Floor Polish or Dessert Topping: Media Edition.

I think it’s always a serious risk to disagree with Adam; he’s basically always right.  But I do find myself differing from him on one question: is The New York Times actively trying to deny Hillary Clinton the presidency, or are their actions better explained by a less evil, more dangerous tendency?

Adam’s on the overt evil side: they’re trying to shiv her side.

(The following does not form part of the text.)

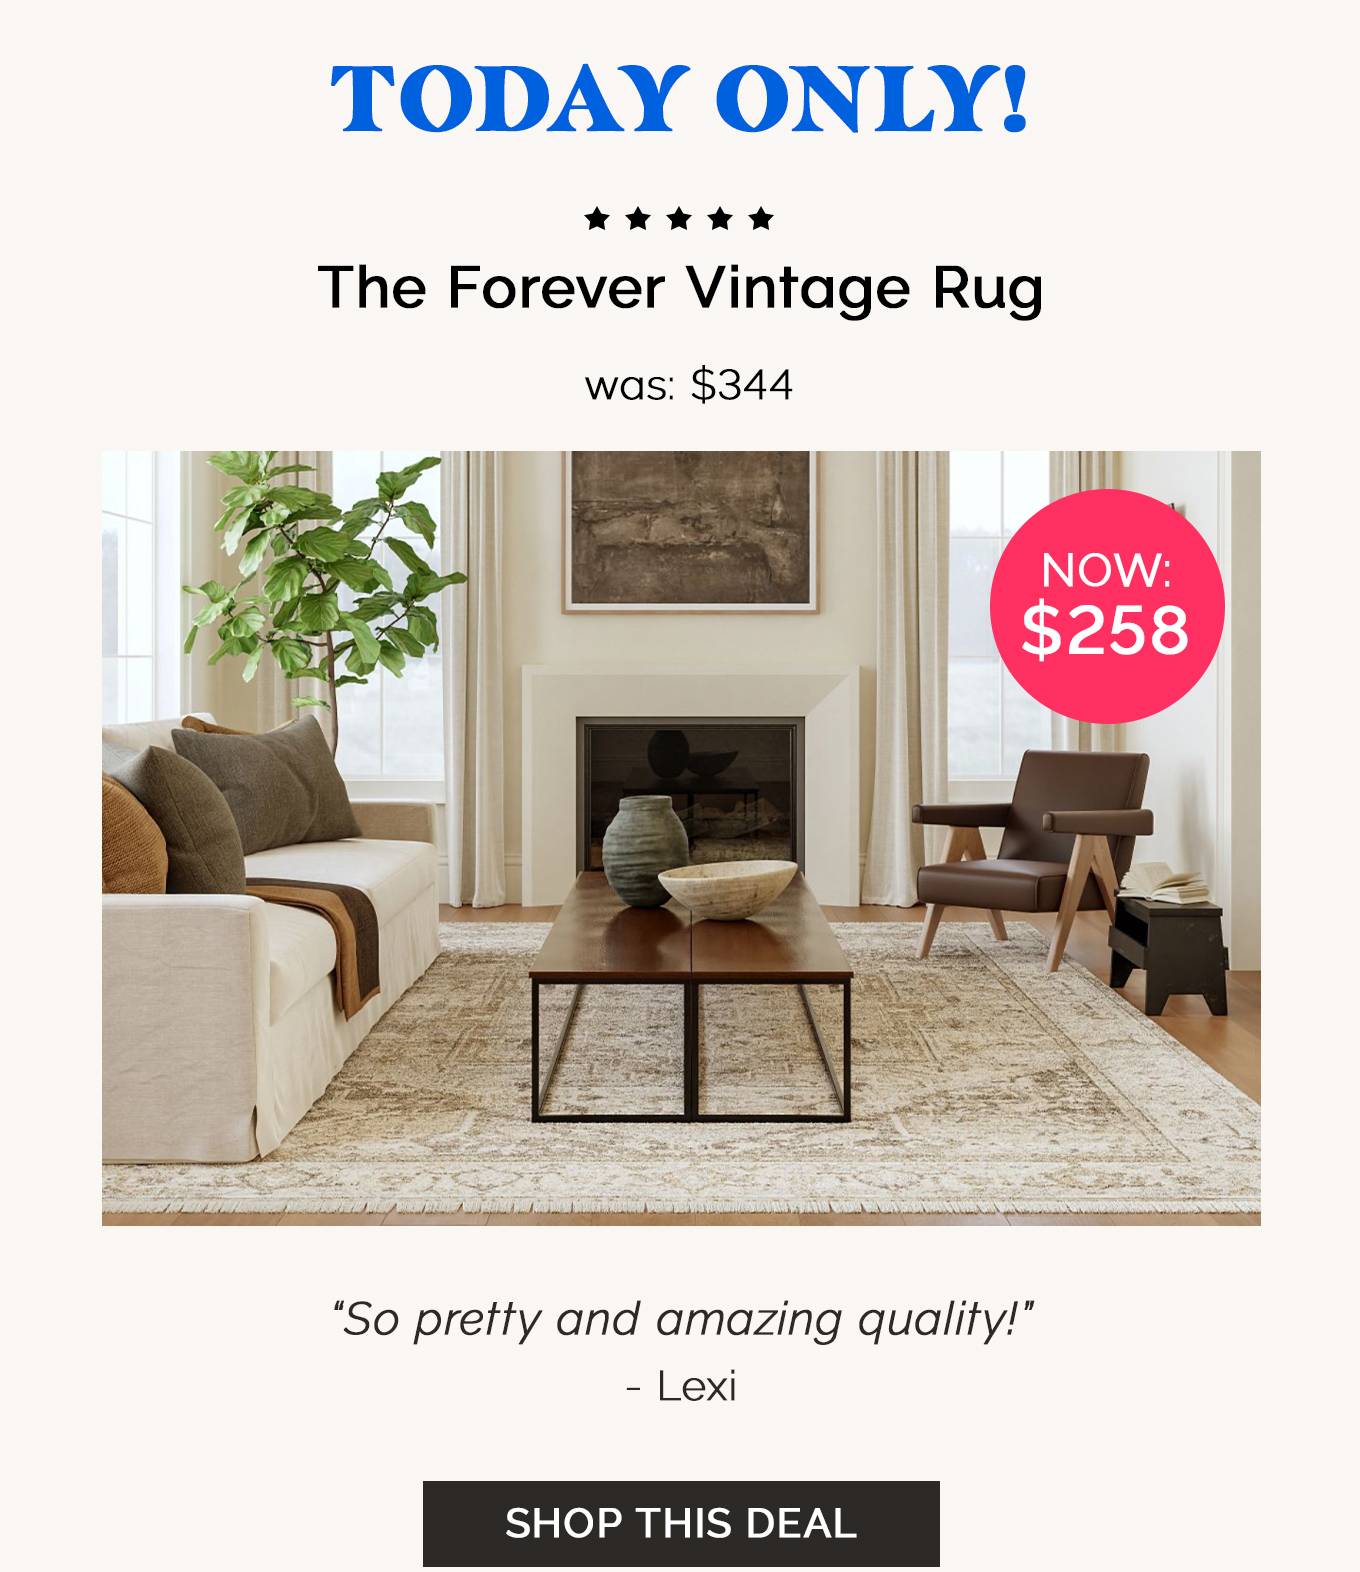 TODAY ONLY! The Forever Vintage Rug | Shop This Deal

I’m thinking that what we’re seeing is an unconscious process, which is actually a much more difficult problem to tackle within elite political journalism.

My view:  I communicate with some NYTimes people, and I’ve known some there for a long time, though I’m not in close touch with that cohort these days.  I don’t have any contact with the Sulzberger/Baquet level, but below that I’m quite confident that there’s no conspiracy going on.  If you could ask just about anybody at the Times, I’m sure they recognize that Trump is a shit show and all that.

But that doesn’t alter the problem there, the way the deck is nonetheless stacked at the Times and other top-echelon outlets.

A big part of the reason, ISTM, is that within a lot of journalism there is a very particular definition of what a story is, and the concept of accuracy is narrowly defined.  A story need not be about facts, but about claims of alledged facts — Clinton’s emails raise pay-for-play concerns; and to be accurate such a story need only rise to the level of “some see in the new email release more indications of a pay-to-play connection to the Clinton Foundation.”   That is — the fact that someone is willing to say such a dreadful deed took place makes the statement and the story “accurate” even if no reasonable reading of the underlying material suggest such nefariousness actually took place.

Goya_y_Lucientes,_Francisco_de_-_Fool`s_Folly_-_Google_Art_Project

That paradigm leads The New York Times and the rest of them to make the same mistakes over and over again — and to get played in the same way seemingly every week. The right wing media activist camp — think Judicial Watch and the email farrago — is very good at pushing the story buttons, and you have a circumstance where the Times bites, over and over again, and finds itself once again dipping into  the Clinton well.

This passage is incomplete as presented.